Phosphorous is picked up by the soil and stored, this is bad because it promotes continued vegetation change for many, many years into the future. Phosphorous promotes cattail growth and eliminates periphyton mats. Cattail has now penetrated into the canals to Everglades Park.

Eutrophication: Nitrogen:

Historically, in the Everglades, input from rain was 78 t/y and only 10 t/y for a total of 88 t/y.
Currently, rain = 78 t/y
                overland = 11 t/y
                 total = 89 t/y
This has only increased a small amount.

2) Hydrology - The water is not managed the same way. Sheet flows are diverted to canals and releases do not follow natural cycles anymore.

3) Fire - Sawgrass is killed by intense fires and open water areas are created.

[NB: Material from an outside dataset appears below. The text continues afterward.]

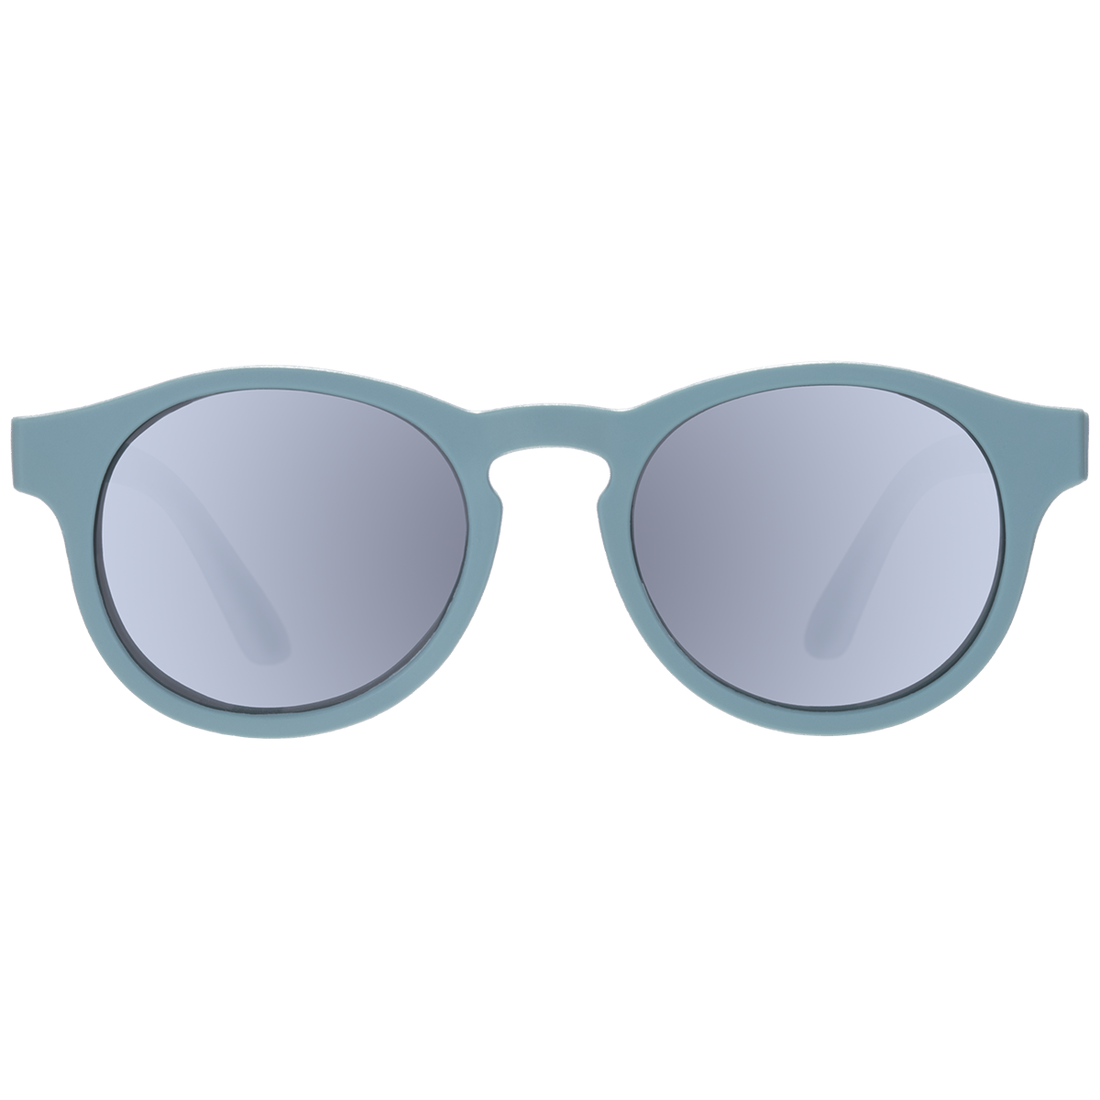 The Seafarer - Polarized with Mirrored Lenses Babiator Sunglasses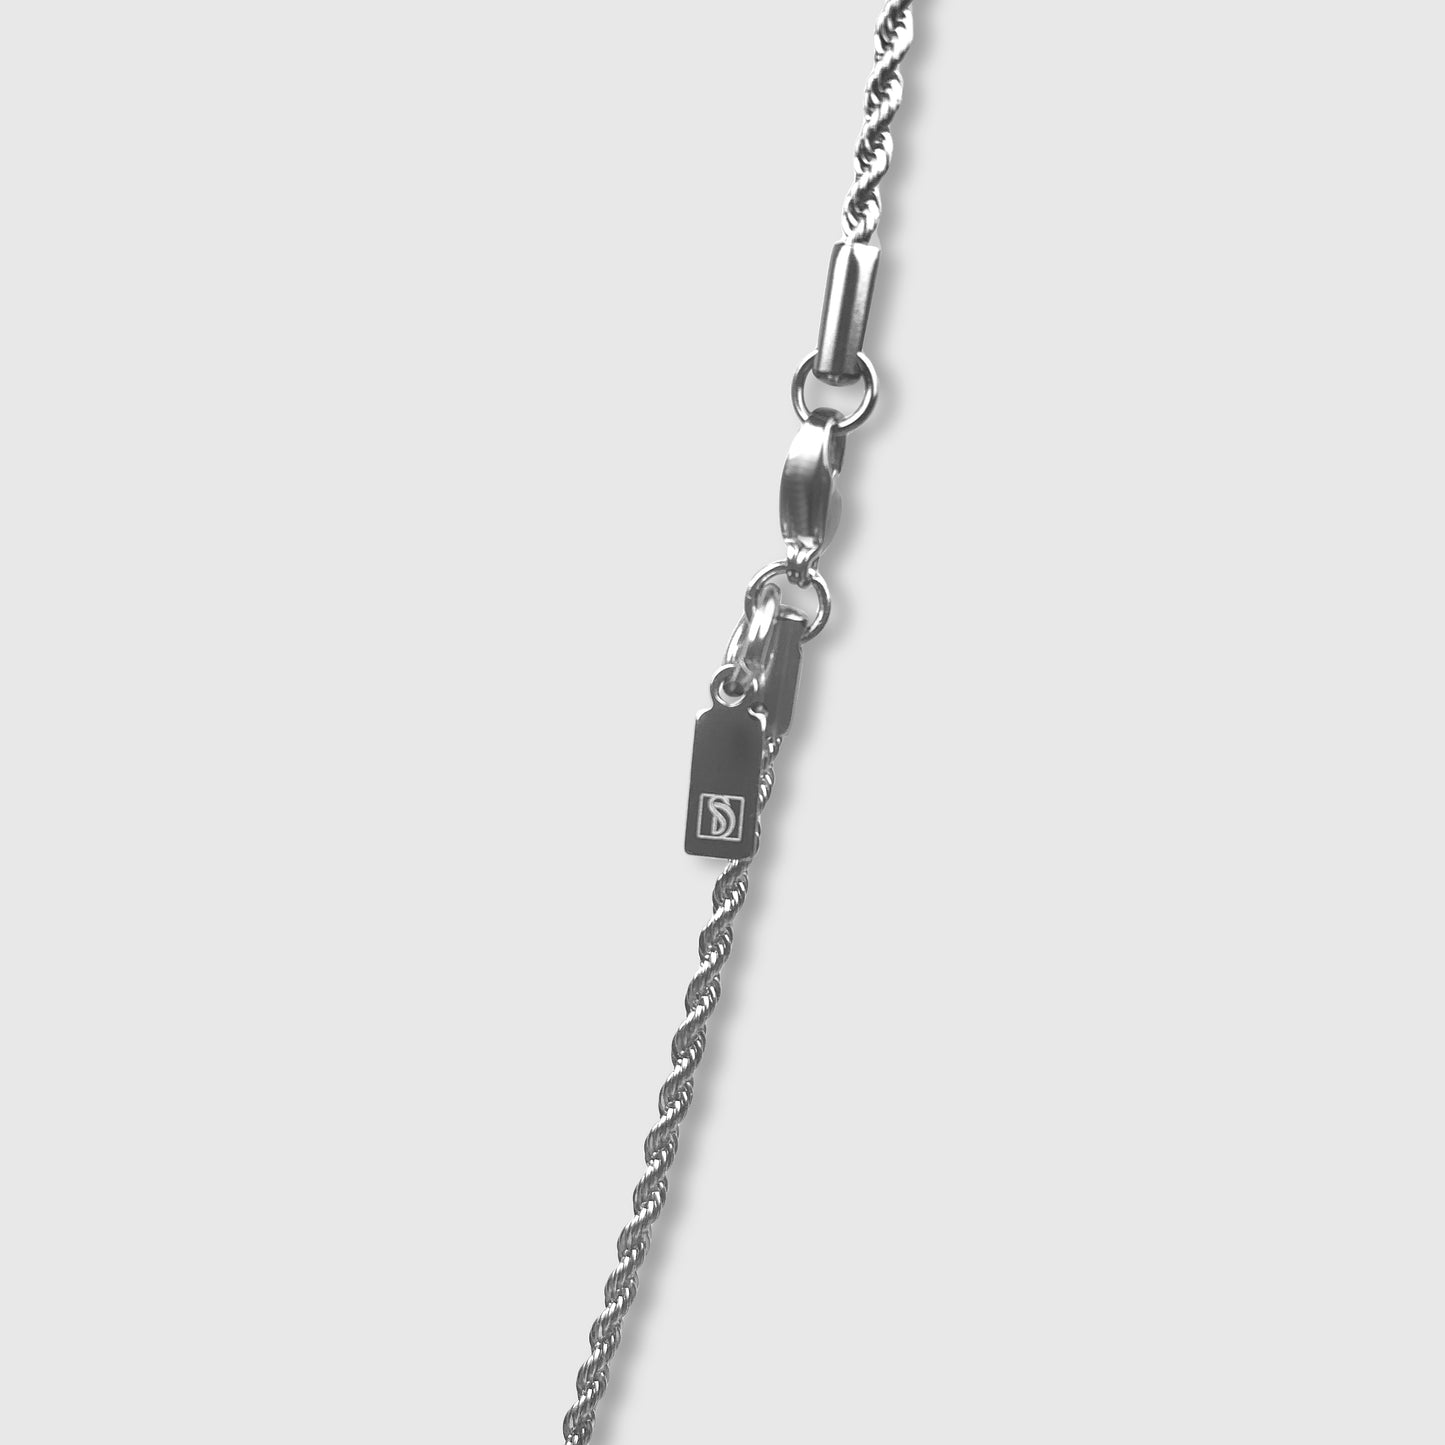 Millennium Falcon Star Wars Pendant Rope Chain Necklace

4) Exotic plants Fauna problems:

Restoration of The Everglades (job offerings)
1) Fixing Hydrology: adjust flow rate and how and where it goes through, instead of draining to ocean, allow it to drian through the park.
2) Fire: controlled burns, stop suppression of fires: let them burn
3) Control Exotic Plants: stop importation of anything new (control Melaluca)
4) Restore depth patterns
    - Natural Hydrology Model: took into account - rainfall patterns, sheet folw dynamics, and connections to hydrology
5) change agriculture
     A) BMP's (Best Management Practices)
     B) Sugar subsidies
     C) Switch to aquatic plants- grow more things like rice and field crops
          -cut subsidies
          -aquaculture - fish farms
          - ornamental plant industry: aquarium plants

Real Problems, Starting Solutions
Endangered manatees and panther from boats, cars, habitat destruction. Large animals, big home ranges, need lots of food.